Indicating that “the time has now come to improve the Antitrust Division’s approach,” Delrahim communicated, “effective immediately, the Antitrust Division will: (1) change its approach to crediting compliance at the charging stage; (2) clarify its approach to evaluating the effectiveness of compliance programs at the sentencing stage; and (3) for the first time, make public a guidance document for the evaluation of compliance programs in criminal antitrust investigations.”

Along these lines, Delrahim elaborated: “Going forward, when deciding how to resolve criminal charges against a corporation, Division prosecutors must consider the Division’s Corporate Leniency Policy, the Principles of Federal Prosecution and the Principles of Federal Prosecutions of Business Organizations, including the adequacy and effectiveness of the corporation’s compliance program at the time of the offense, as well as at the time of the charging decision.” Later in his speech, he added, “Precisely how much weight and credit to give a compliance program will depend on the facts of the case.”

According to Delrahim, the Antitrust Division’s new approach “allows prosecutors to proceed by way of a deferred prosecution agreement (DPA) when the relevant Factors, including the adequacy and effectiveness of the corporation’s compliance program, weigh in favor of doing so.
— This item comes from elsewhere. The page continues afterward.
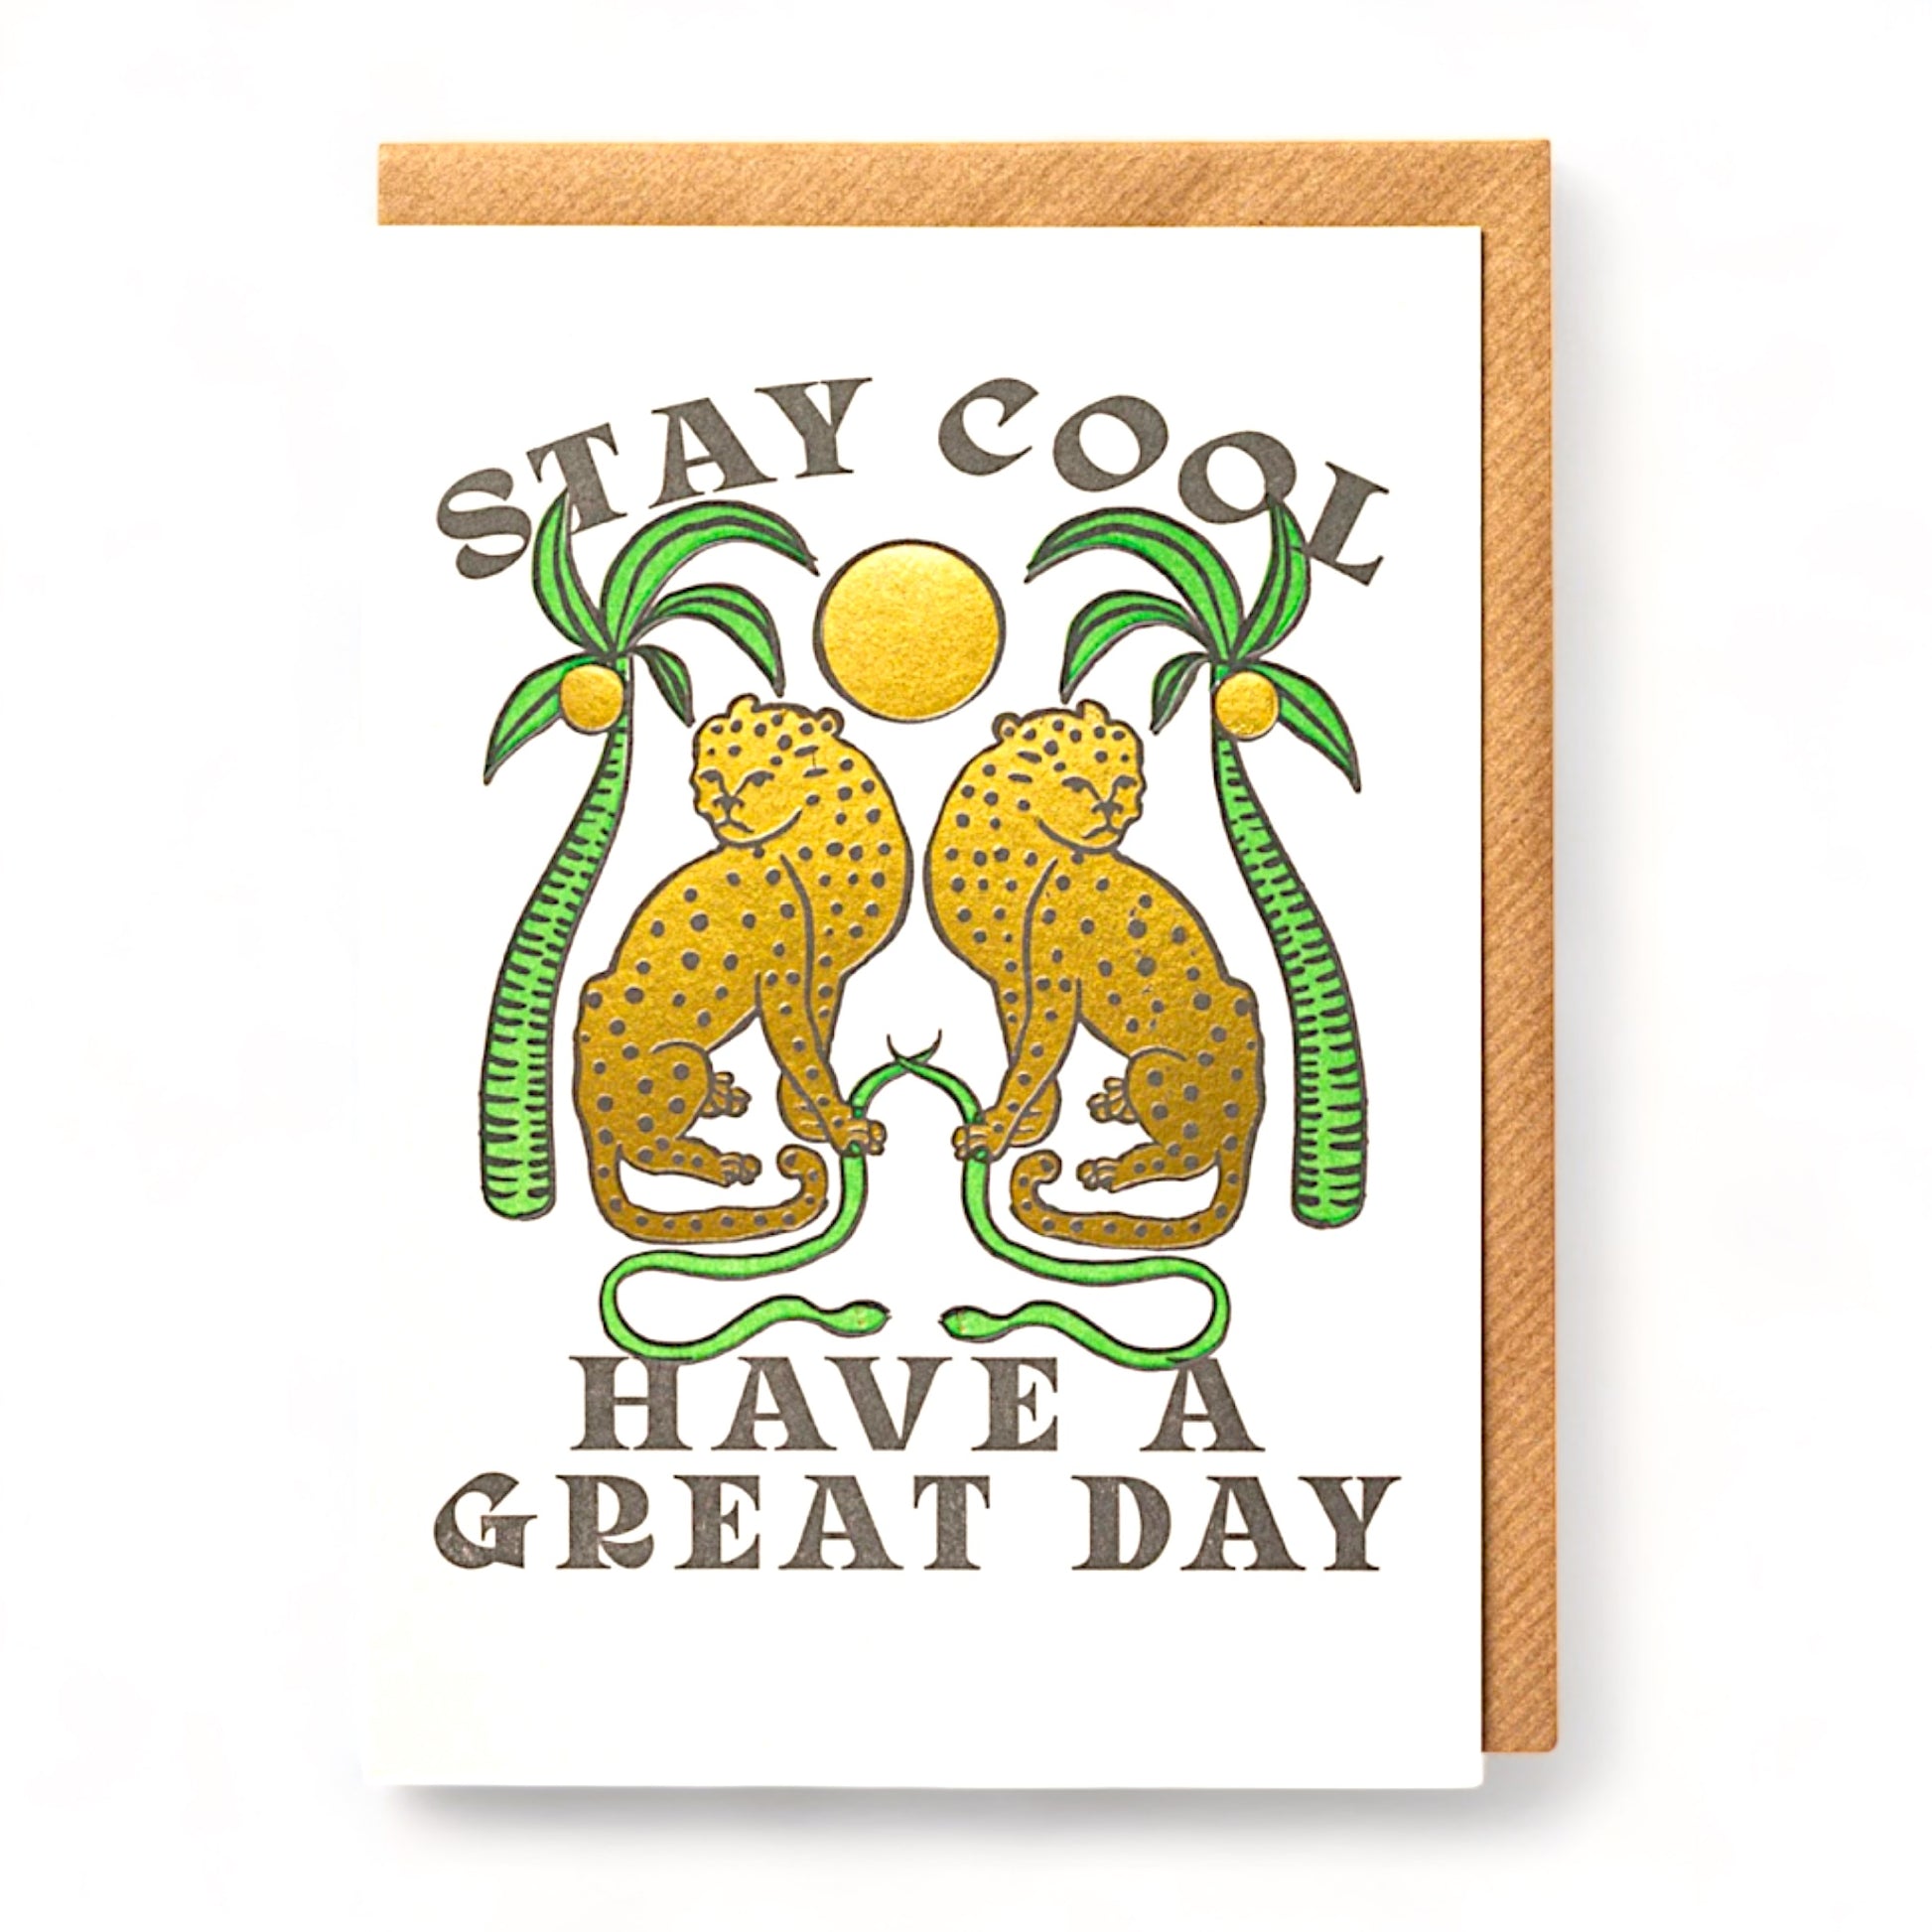 Stay Cool - Greeting Card - Hella Kitsch
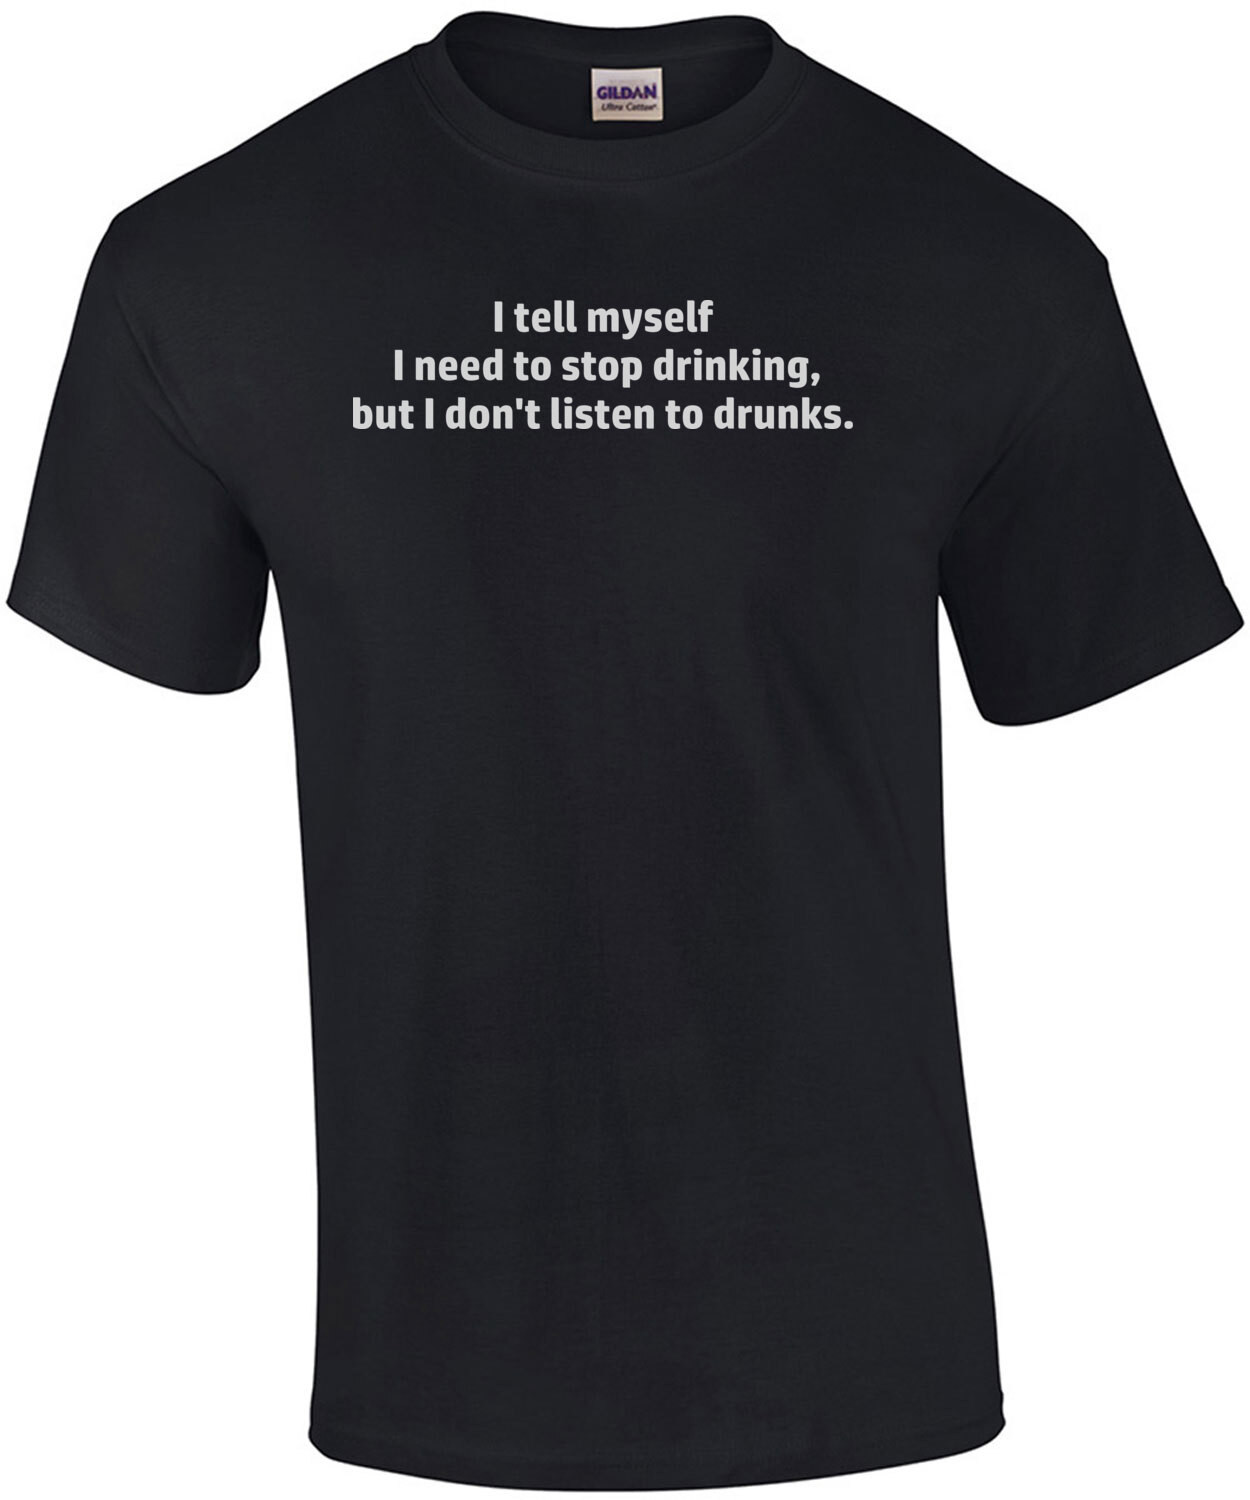 I tell myself I need to stop drinking, but I don't listen to drunks. Funny drinking t-shirt

DPAs, as the Justice Manual recognizes, ‘occupy an important middle ground between declining prosecution and obtaining the conviction of a corporation.” Still, he pointed out that the Antitrust Division will “continue to disfavor non-prosecution agreements with companies that do not receive leniency,” and that “a compliance program does not guarantee a DPA.” Moreover, “[n]othing about … [the] compliance announcement changes the Antitrust Division’s commitment to leniency, which remains available only to the first corporation to make full disclosure to the government,” he remarked.

Delrahim explained that antitrust compliance could be relevant to a corporation’s sentencing in at least three ways: (1) the Sentencing Guidelines provide for a three-point reduction in a corporate defendant’s culpability score if the company has an “effective” compliance program under the Guidelines; (2) a corporate compliance program may be relevant in the agency’s evaluation of an appropriate corporate fine to recommend within the Guidelines range, or, in extraordinary circumstances, whether to recommend a fine below the Guidelines range; and (3) the existence and effectiveness of a corporate compliance program is relevant to the Division’s probation recommendation.

New Guidance Document

Next, Delrahim noted that the agency has heeded the input received from a roundtable discussion on the topic, revealing that the “consensus in-house counsel view appeared to be that clear written guidance from the Division could be a useful tool in lobbying internally for increased antitrust compliance resources.” Accordingly, Delrahim stated, “For the first time in the criminal program’s history, we are issuing public written guidance to assist Division prosecutors in their evaluation of compliance programs at the charging and sentencing stages of investigations.”

Among other things, the Justice Department’s July 2019 written guidance, “Evaluation of Corporate Compliance Programs in Criminal Antitrust Investigations,” identifies elements of an effective antitrust compliance program, including: (1) the design and comprehensiveness of the program; (2) the culture of compliance within the company; (3) responsibility for, and resources dedicated to, antitrust compliance; (4) antitrust risk assessment techniques; (5) compliance training and communication to employees; (6) monitoring and auditing techniques, including continued review, evaluation, and revision of the antitrust compliance program; (7) reporting mechanisms; (8) compliance incentives and discipline; and (9) remediation methods. For each of these elements, the guidance document “provides additional questions prosecutors may consider depending on the facts that go to the effectiveness of the antitrust compliance program in deterring and detecting criminal antitrust conduct.”